=== WORK INSTRUCTION ===
Repeat, word for word and with nothing added, each line from the one containing "E-Biotorium Network Private Limited" to the final line of the data, keeping both ends. Pictures are not part of the copy.

=== AVAILABLE DATA ===
---*---

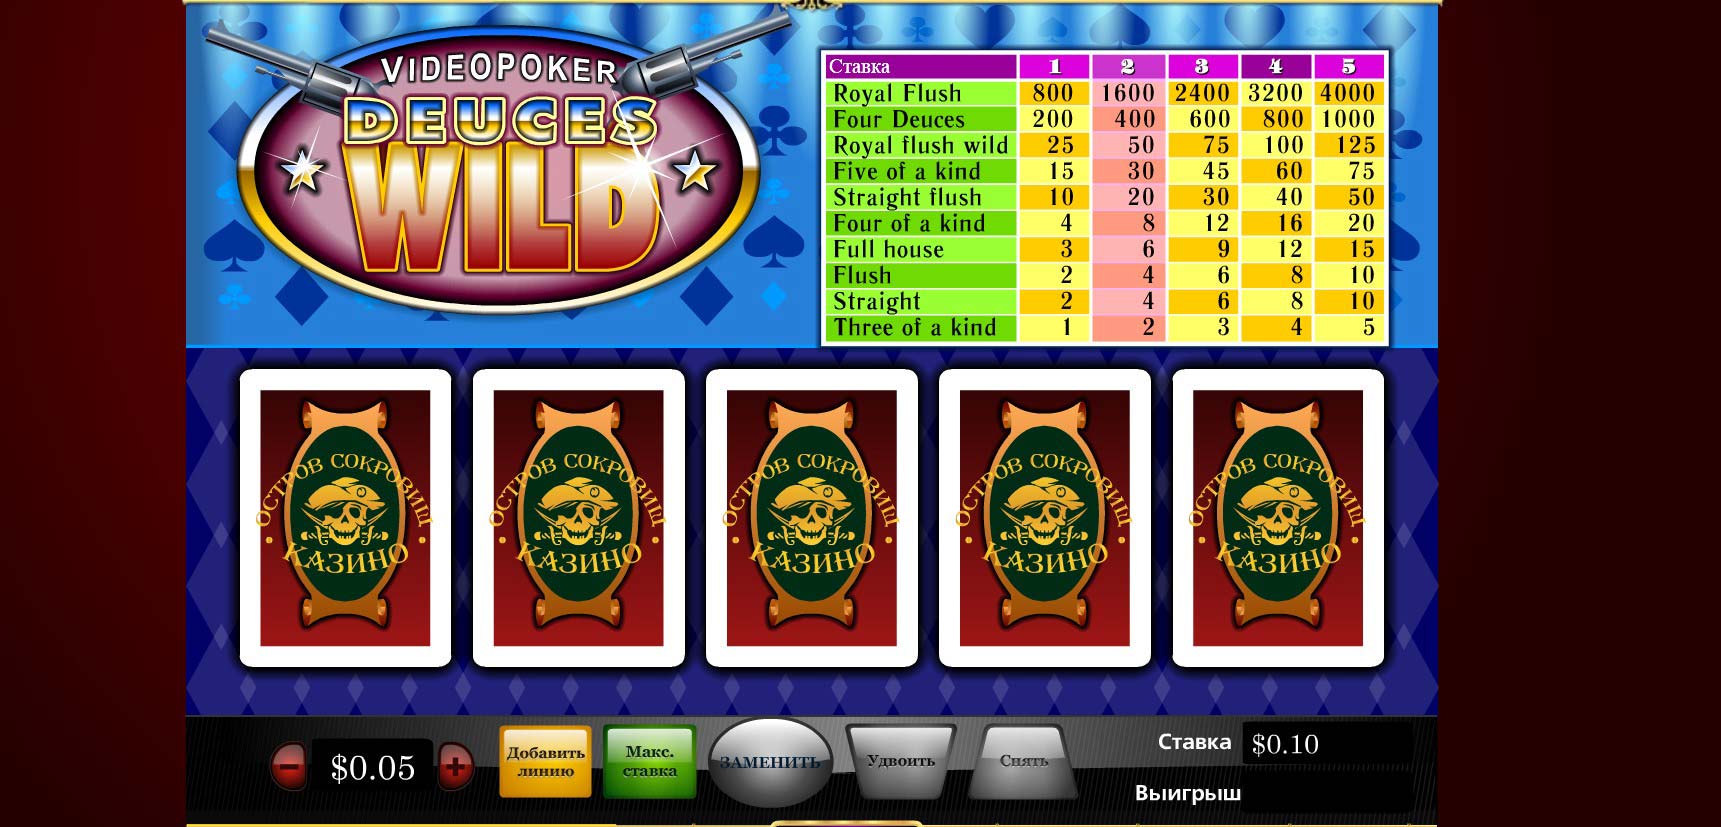 Остров сокровищ казино онлайн wolckano com джойказино приложение на андроид официальный сайт
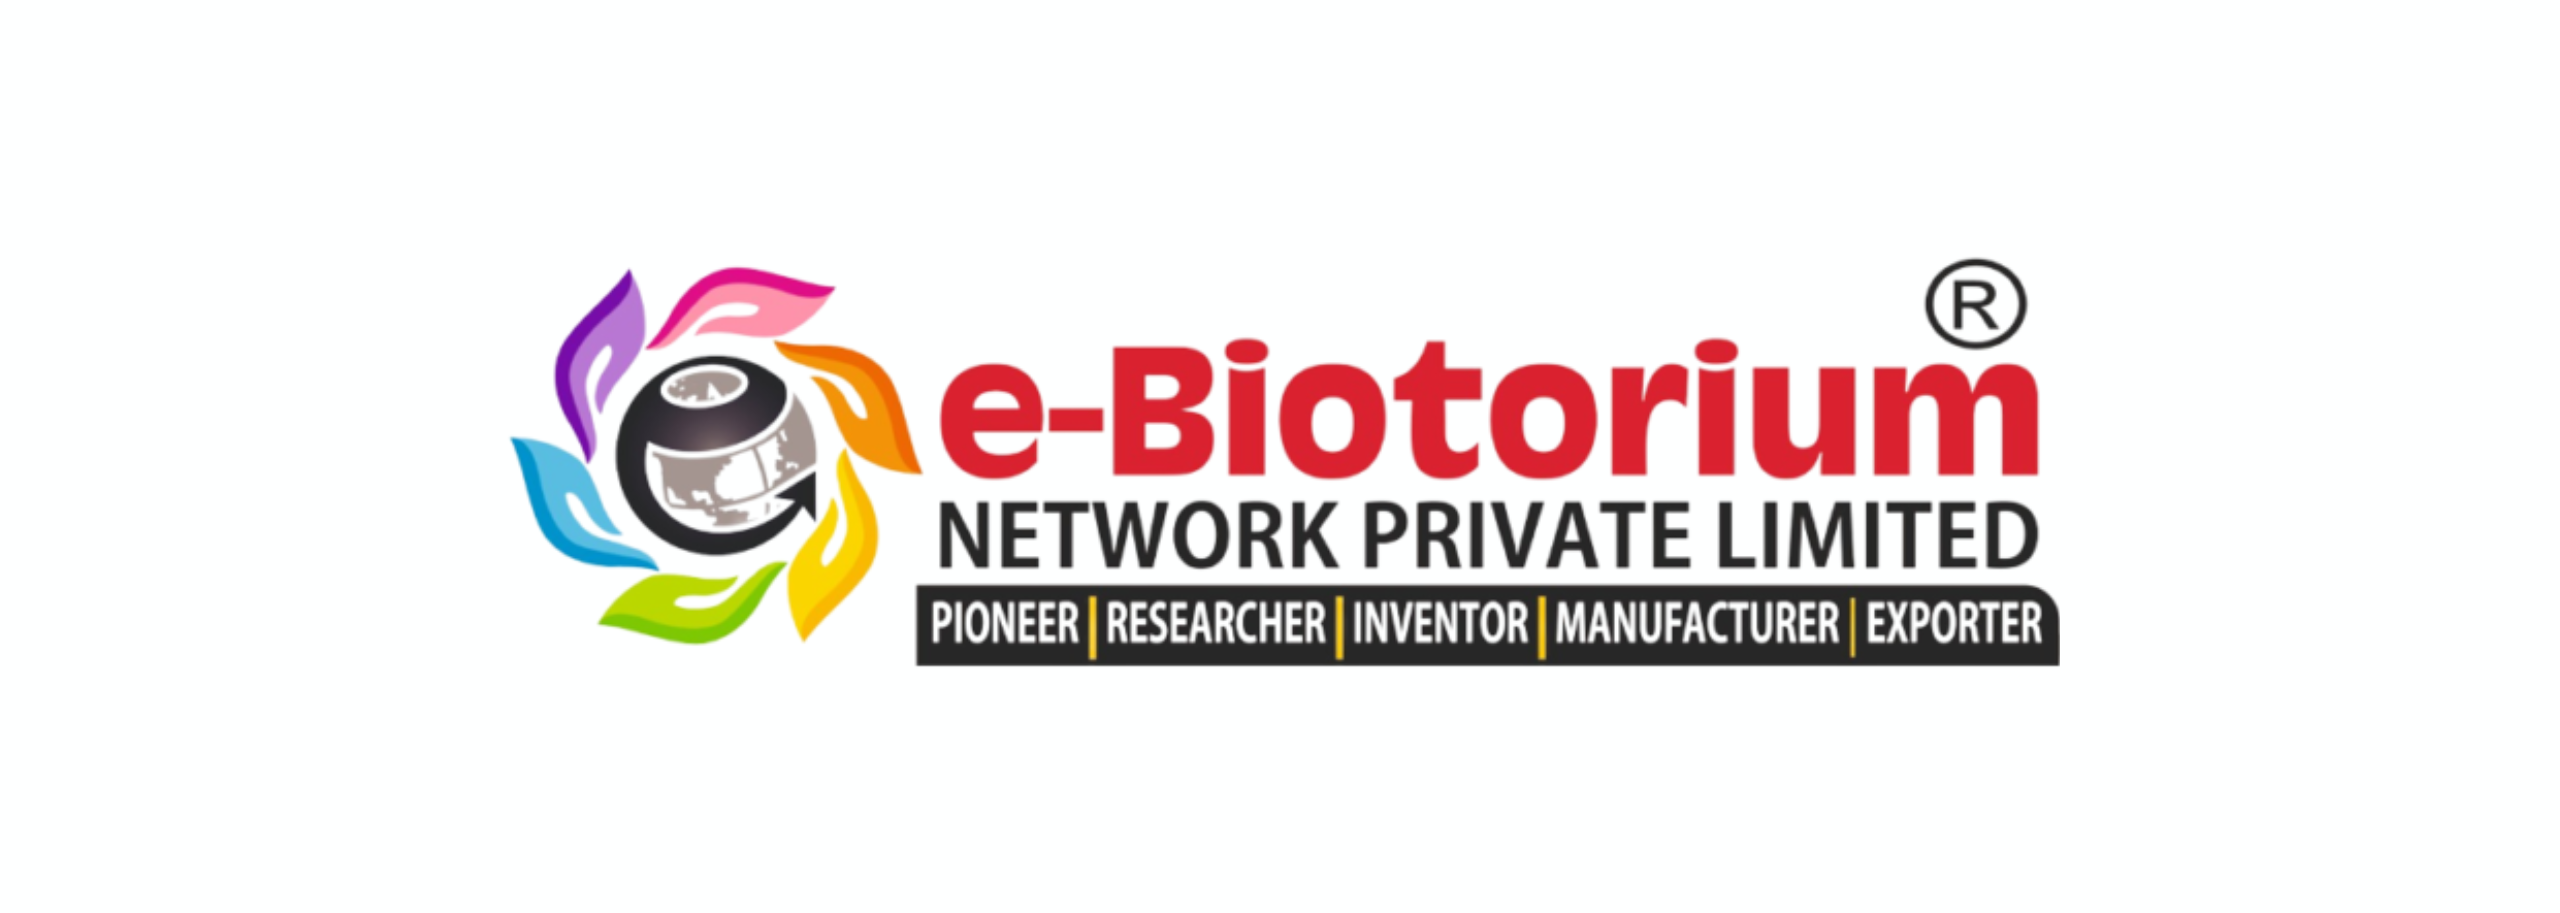 E-Biotorium Network Private Limited
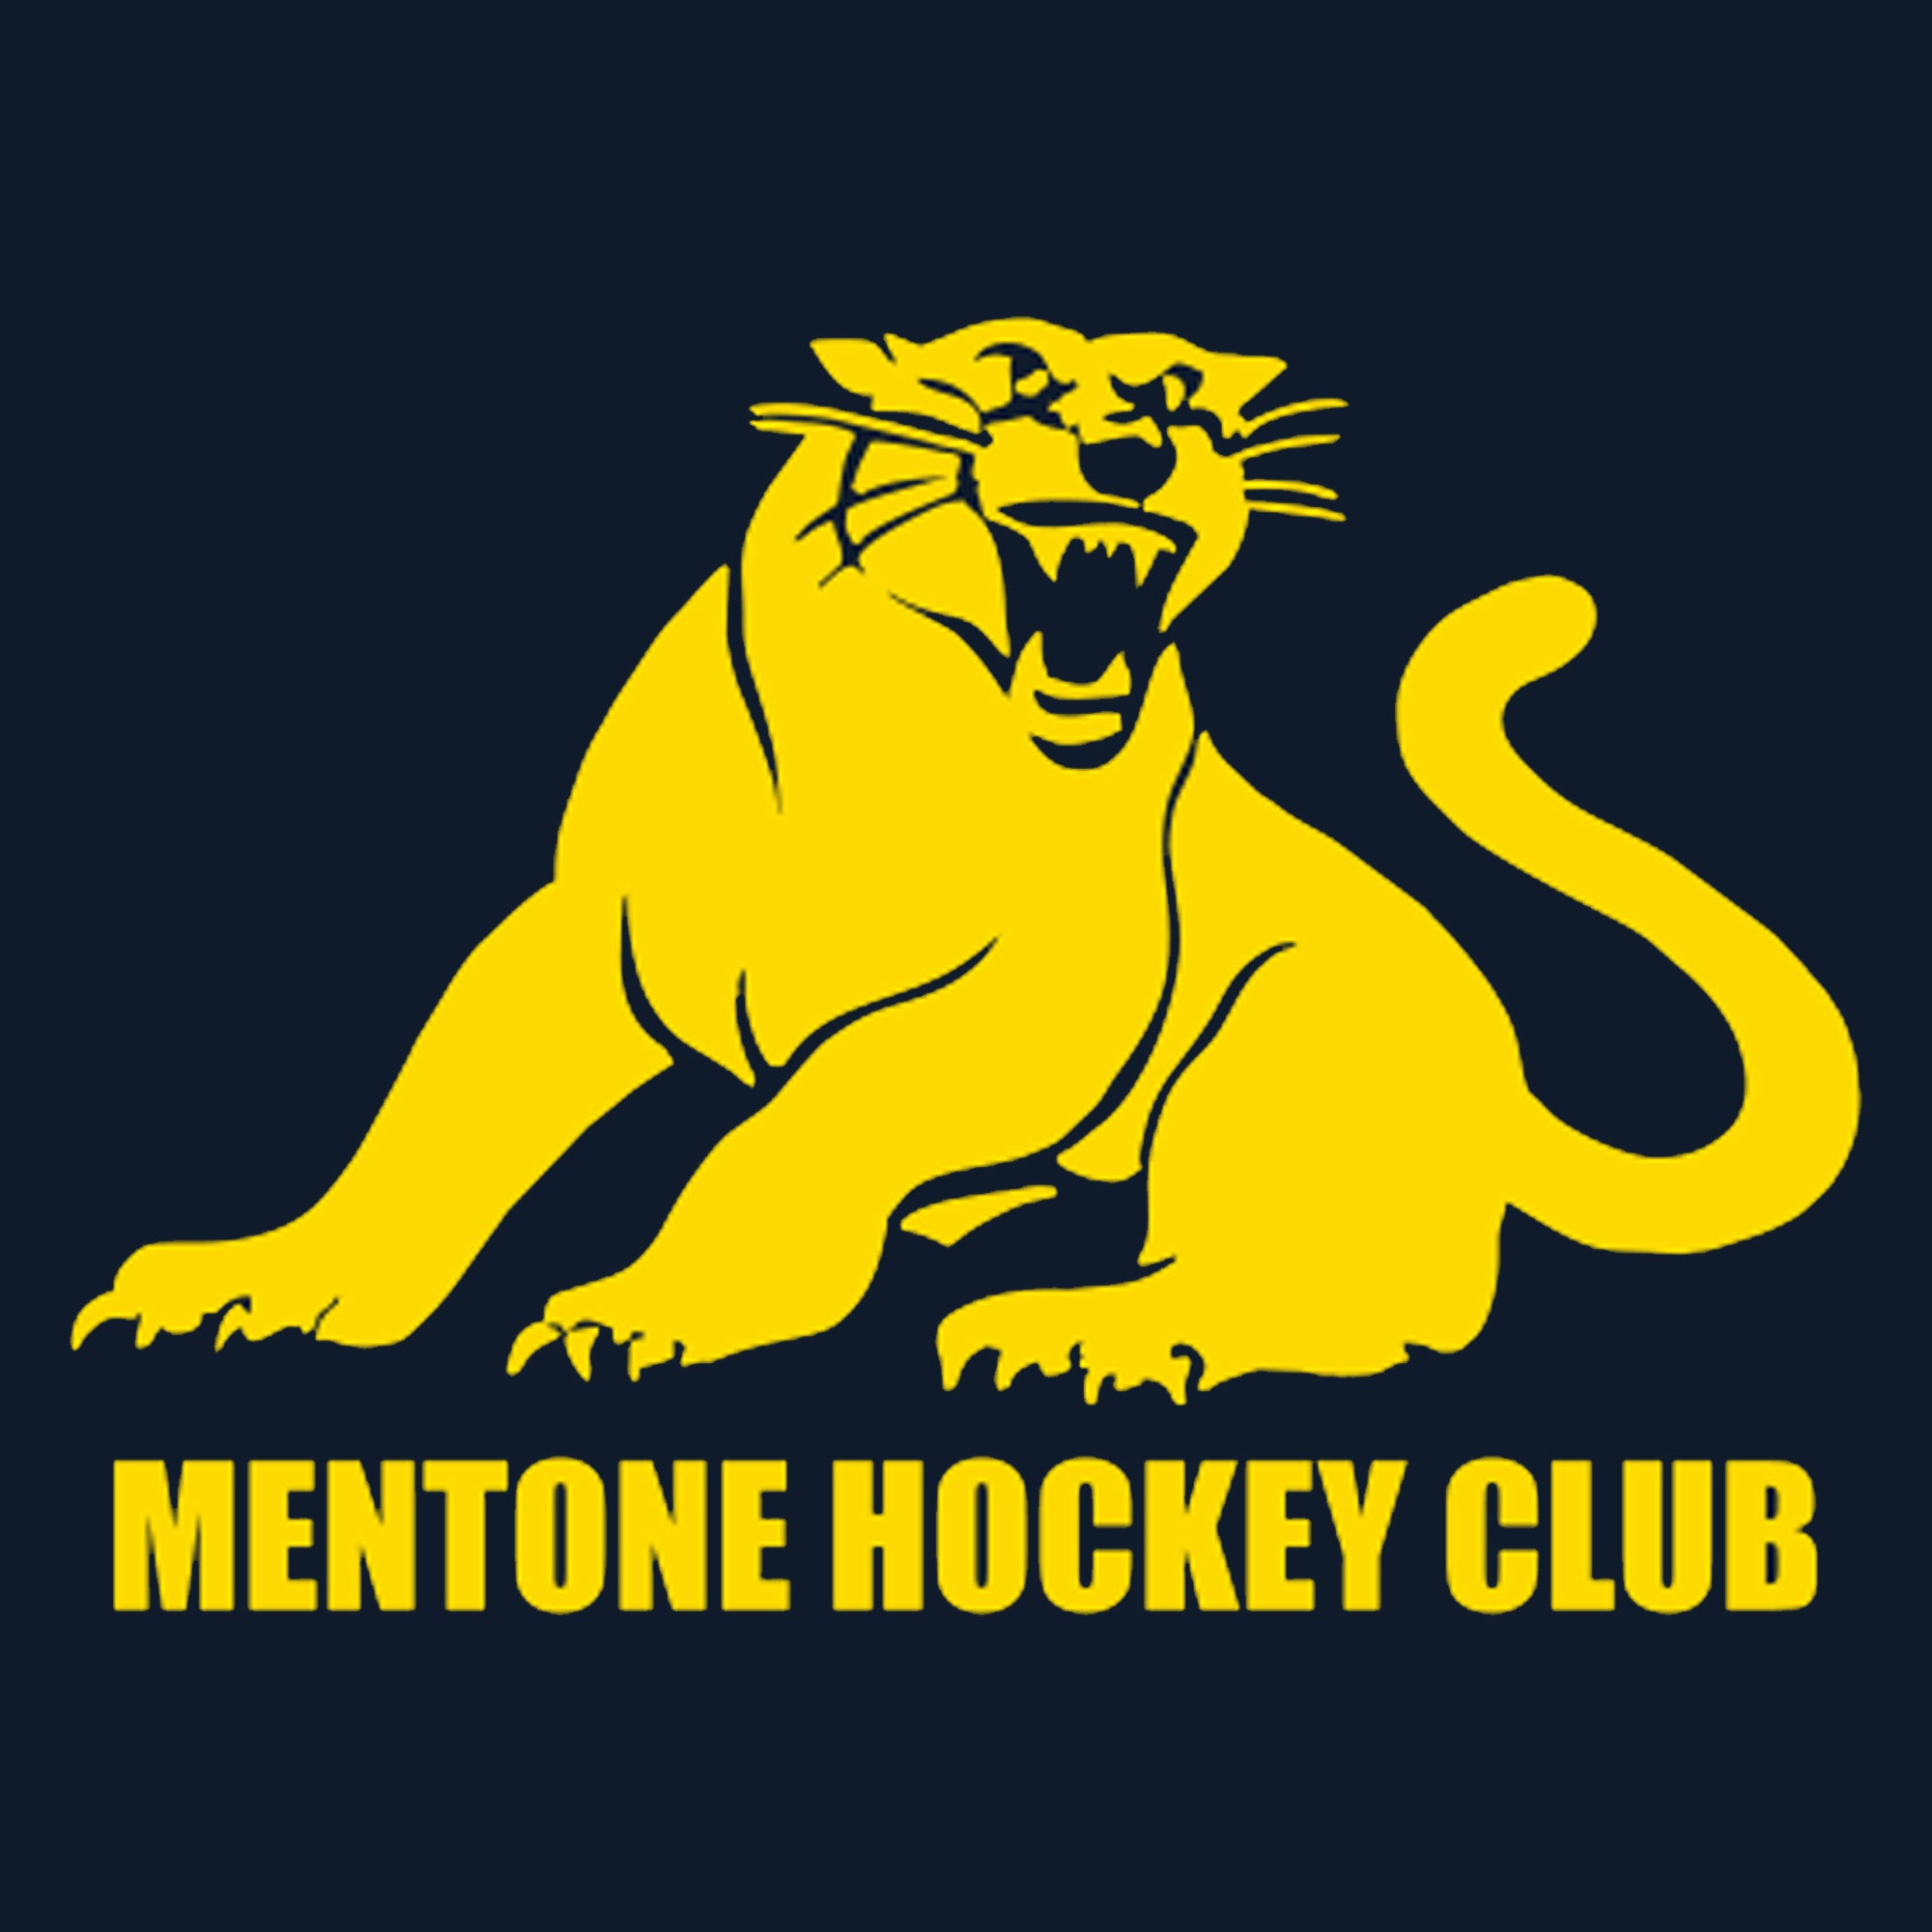 Mentone Hockey Club

---*---

=== ANSWER SECTION ===
 E-Biotorium Network Private Limited
 Mentone Hockey Club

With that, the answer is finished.